1. You must develop a C++ class library to work with the main.cc file provided to




you in Appendix A. Your libraries will be used to create a word frequency histogram from a text file that is provided to you on t-square called ProcessedWOW.dat. This

file contains modified text for War of the Worlds; as you see in the file it contains only lower case letters and no puncuation marks.

Your program will create two output files that contain the histograms sorted in two different fashions -- one sort alphabetically and one sorted by frequency.
You must create at least TWO C++ classes, which are discussed in the next section.



We are limited to data structures that we have talked about so far; therefore, you can only use static C++ arrays to store your word frequency histograms. A discussion of a strategy to do this appears later in this lab.



You must have three specific files to manage your system. The header file histogram.h contains your class interfaces for all your classes, the source file histogram.cc will contain the implementations of your member functions of all your C++ classes, and the source file main.cc will contain the main function that is provided to you in Appendix A.

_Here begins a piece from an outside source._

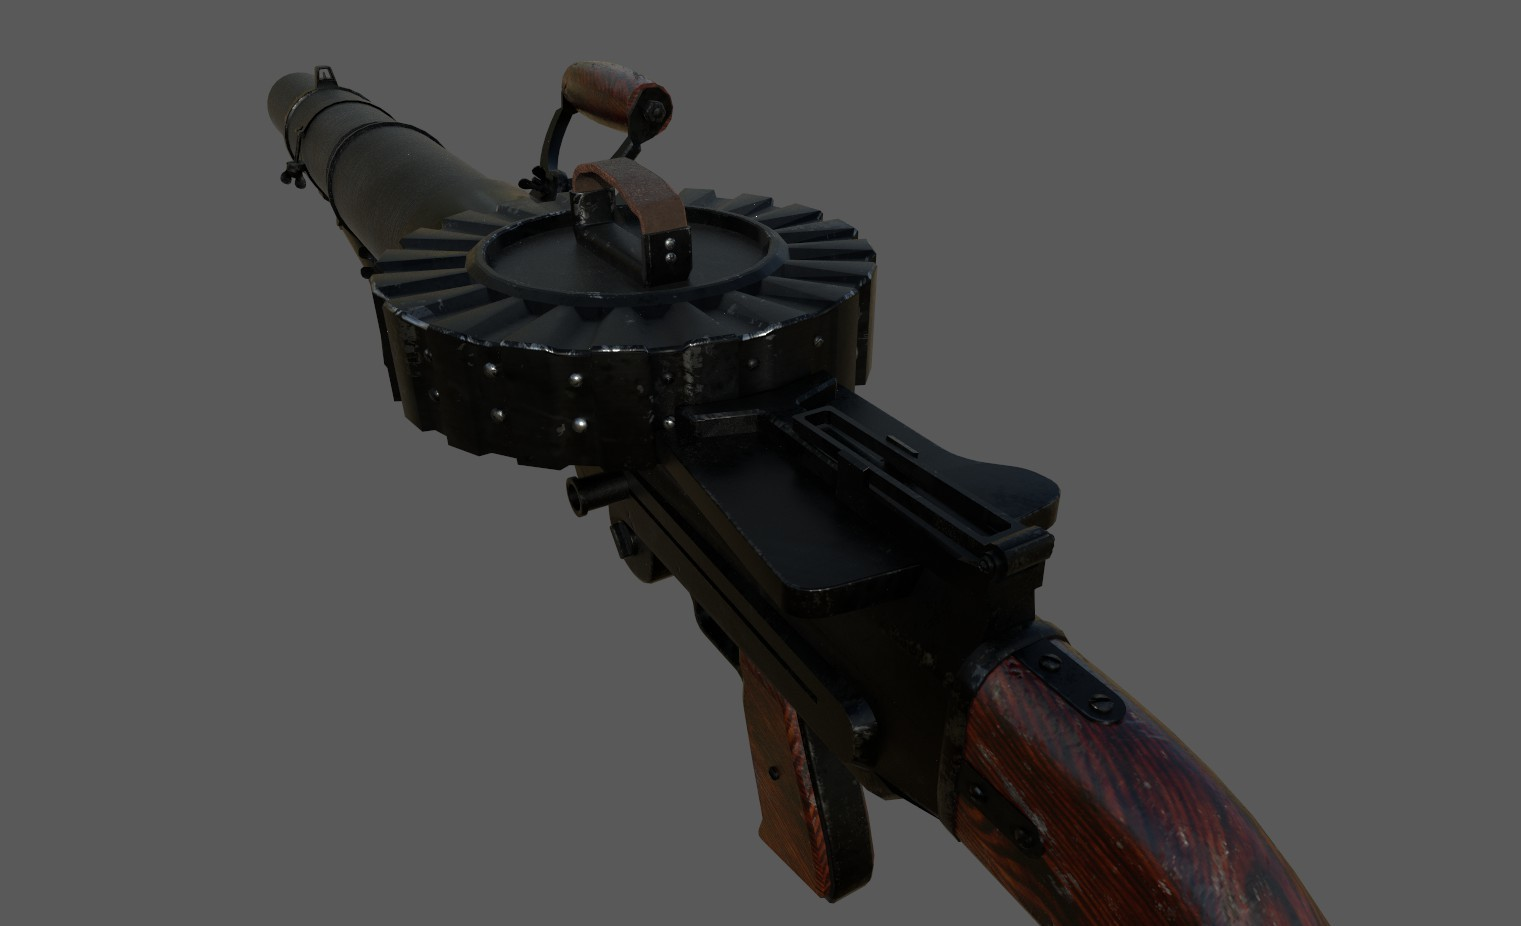 ArtStation - WW1 Lewis Machine Gun - Game Model, Phil Rowe

The objectives of this lab are to give you practice:




Using basic C++ classes;



Creating basic arrays of user-defined objects;



Creating constructors and overloading constructors;



Using and creating set and get member functions in C++ classes;



Using C++ string objects; and



Using basic text file I/O objects and operators.



This lab has been tested using the g++ compiler on deepthought.cc.gatech.edu. Please see Appendix B to see your turn in options.










ECE2036 FALL2017
1
C++ Class Requirements




I would like for you to create at least two separate classes for your program. The specifications are below.




WordUnit




This class will be called WordUnit, and you will need to create a class with data members that correspond to a string that contains a single word of text and an integer that contains the number of times that the word appears in a given book. You can choose your own data member names.




WordHistogram




This class will be call WordHistogram, and it will contain the entire word histogram for the book that you are analyzing. A primary data member will be an array of WordUnits. We have not discussed dynamic arrays at this point, so I would like for you to have a static fixed array with a large number of entries. For this exercise, assume that you have 10,000 elements in your array. In addition, you will need to have an integer variable that contains the number of elements that you are storing in this array. Furthermore, I would like for you to have a string that contains the file name of the text file that contains your book.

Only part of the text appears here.